Autonomous agents need to detect environmental changes to update maps and replan tasks. However, existing change detection methods face three major challenges:

Pose Constraints: Traditional methods require precise alignment of images before and after changes (e.g., fixed cameras, planar scenes), which is impractical for scenarios where robots collect data along random trajectories.
Label Dependency: Supervised learning methods require expensive change annotation datasets, and their performance drops sharply under distribution shifts.
Vulnerability of Single-View Methods: Existing pose-agnostic methods (OmniPoseAD, SplatPose) render reference views using NeRF/3DGS for frame-by-frame comparison, but are highly susceptible to view-dependent false positives (such as reflections, shadows, and occlusions).

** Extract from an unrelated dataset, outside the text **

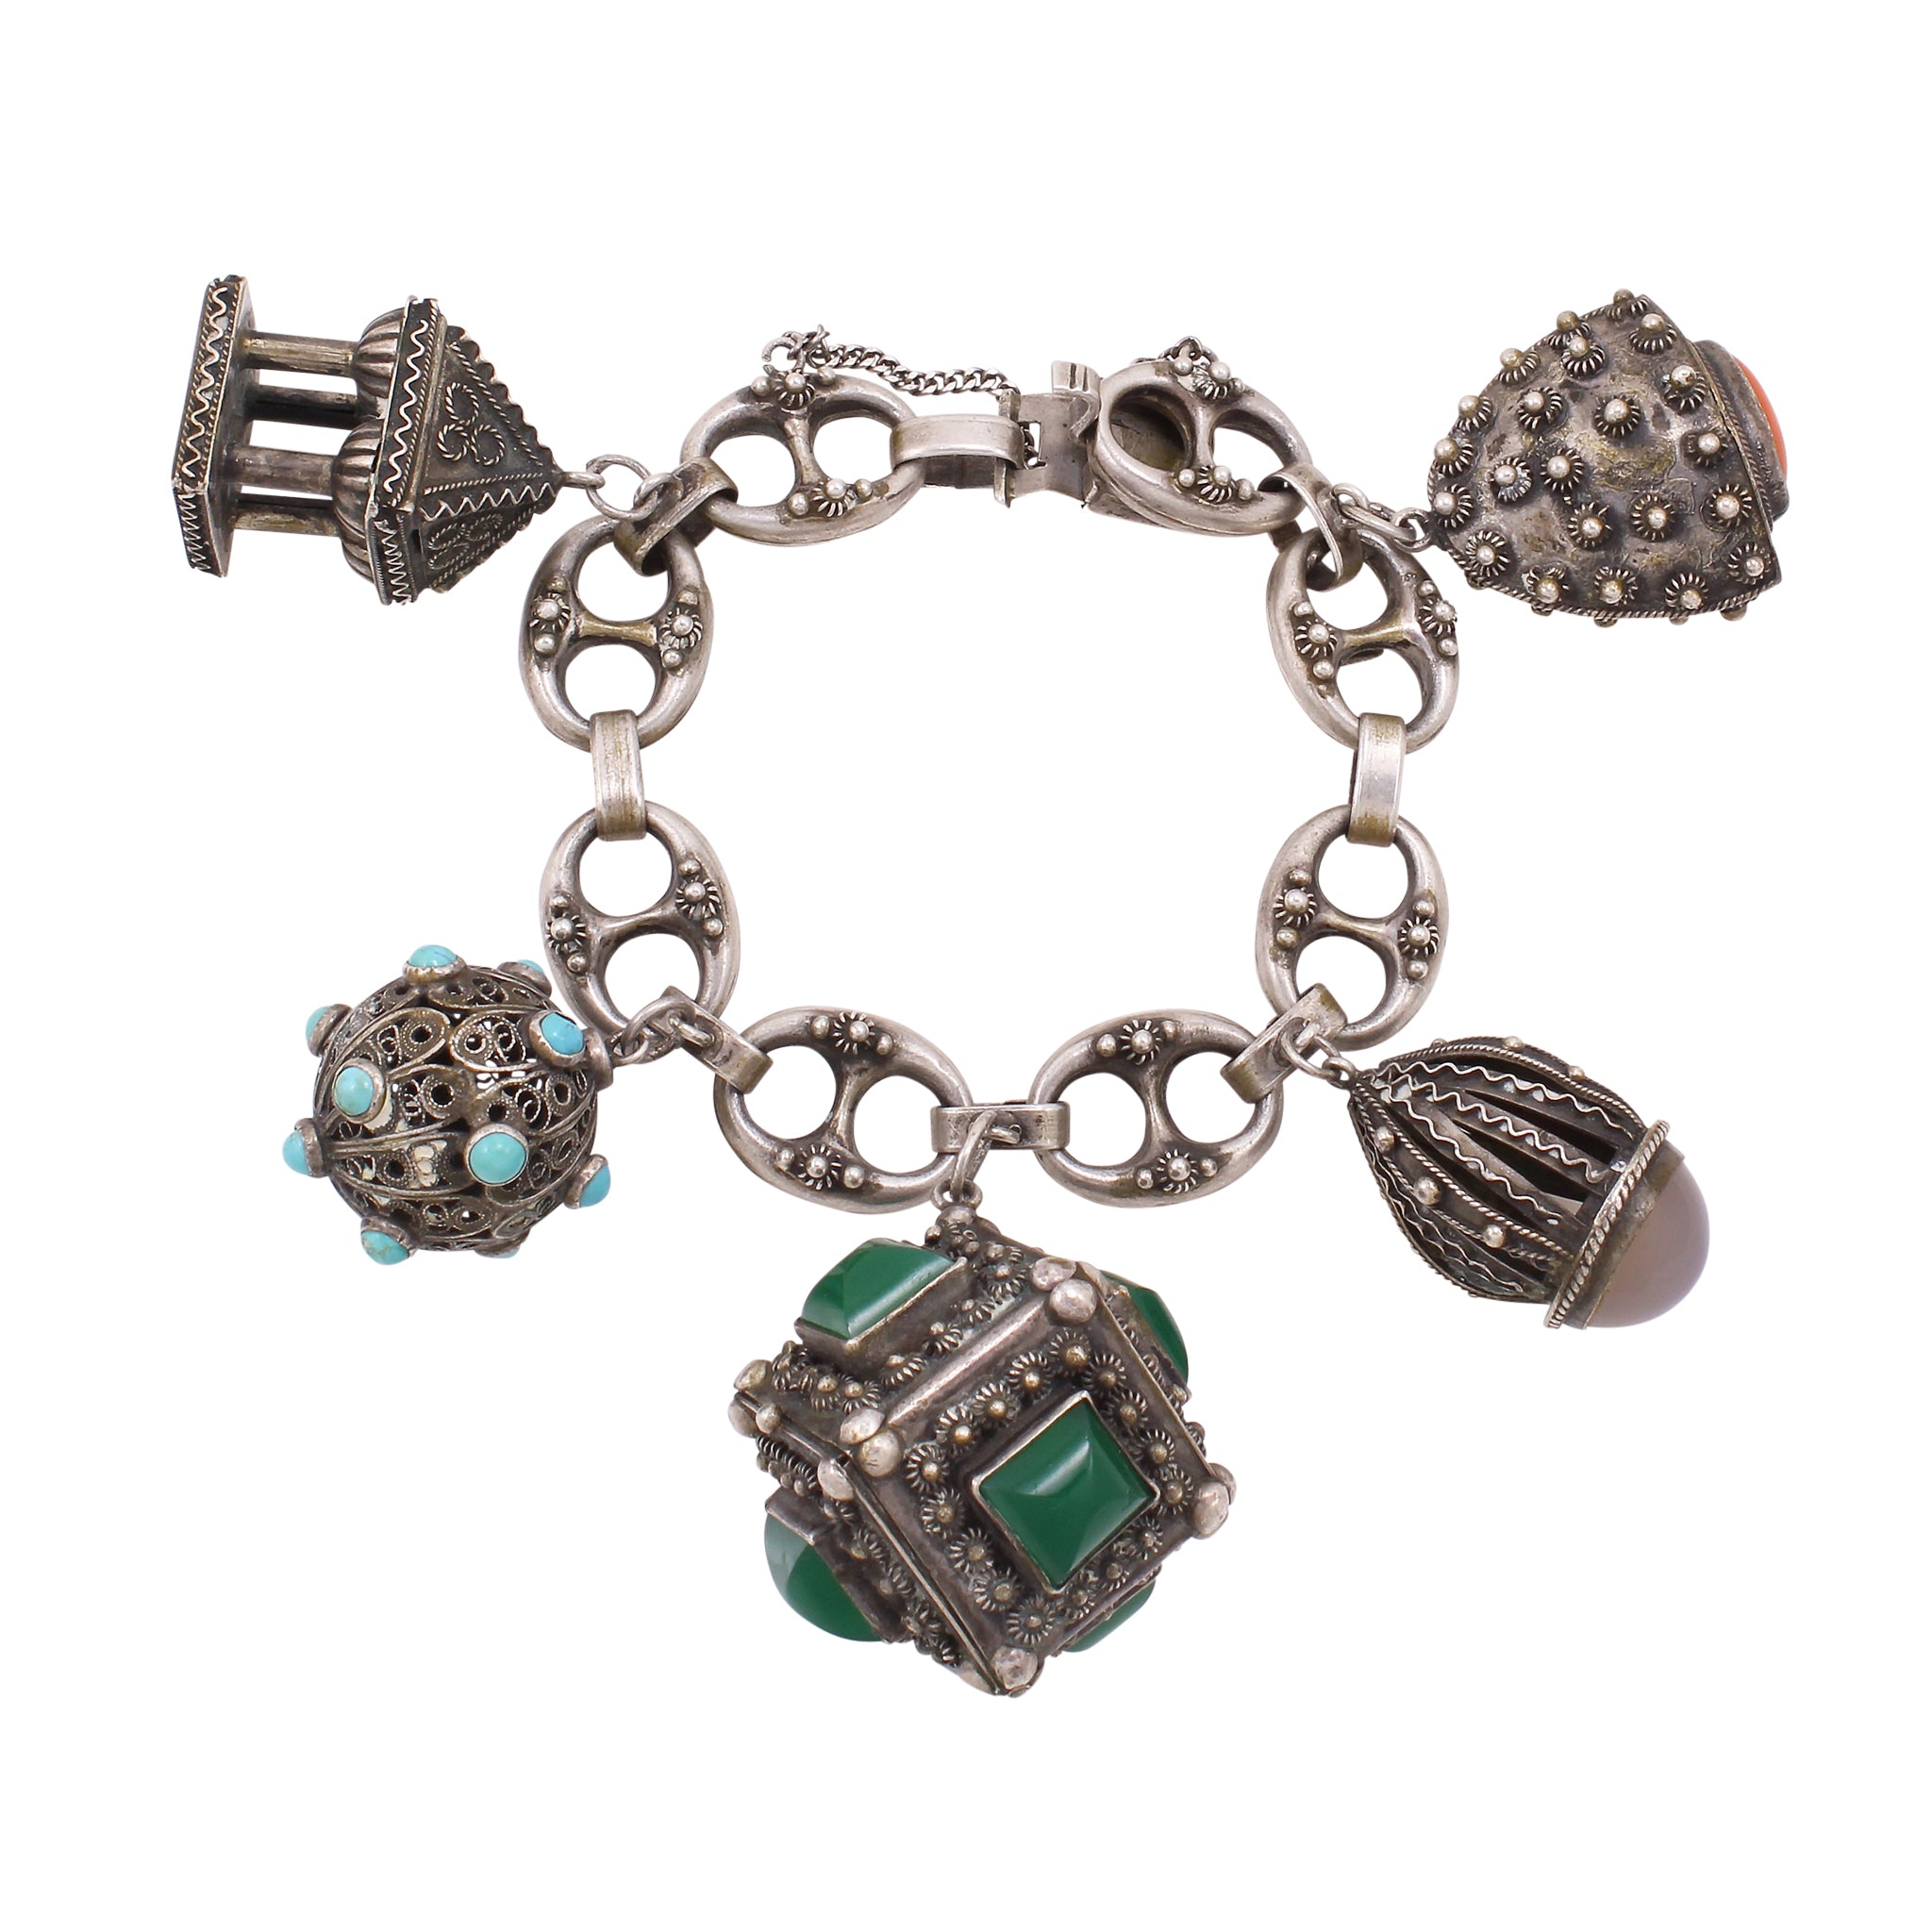 Franconeri Italian Silver Etrusan Style Charm Bracelet with Perfume Front

Key Insight: Single-view methods generate a significant number of false positives due to perspective changes. Leveraging multi-view information and fusing change cues in the 3D scene can effectively suppress these view-dependent noises.

Method¶

Overall Architecture¶

The overall pipeline consists of five steps: 1. Construct the 3DGS reference scene representation using reference scene images. 2. Register the query scene images into the same coordinate system as the reference scene. 3. Render reference images aligned with the query views to generate feature-aware + structure-aware candidate change masks. 4. Embed a change channel into the query scene 3DGS to learn multi-view consistent change representations. 5. Render the final multi-view change masks from the change-aware 3DGS.

Key Designs¶

1. Feature-Aware + Structure-Aware Candidate Change Masks¶

Feature-Aware Change Mask: - Pre-trained DINOv2 is used to extract dense features from both the rendered and query images. - Feature differences are calculated as: \(D^k = \sum_{j=1}^d |f_{ren}^{k,j} - f_{inf}^{k,j}|\) - The difference map is normalized and thresholded at 0.5 to filter out minor false changes.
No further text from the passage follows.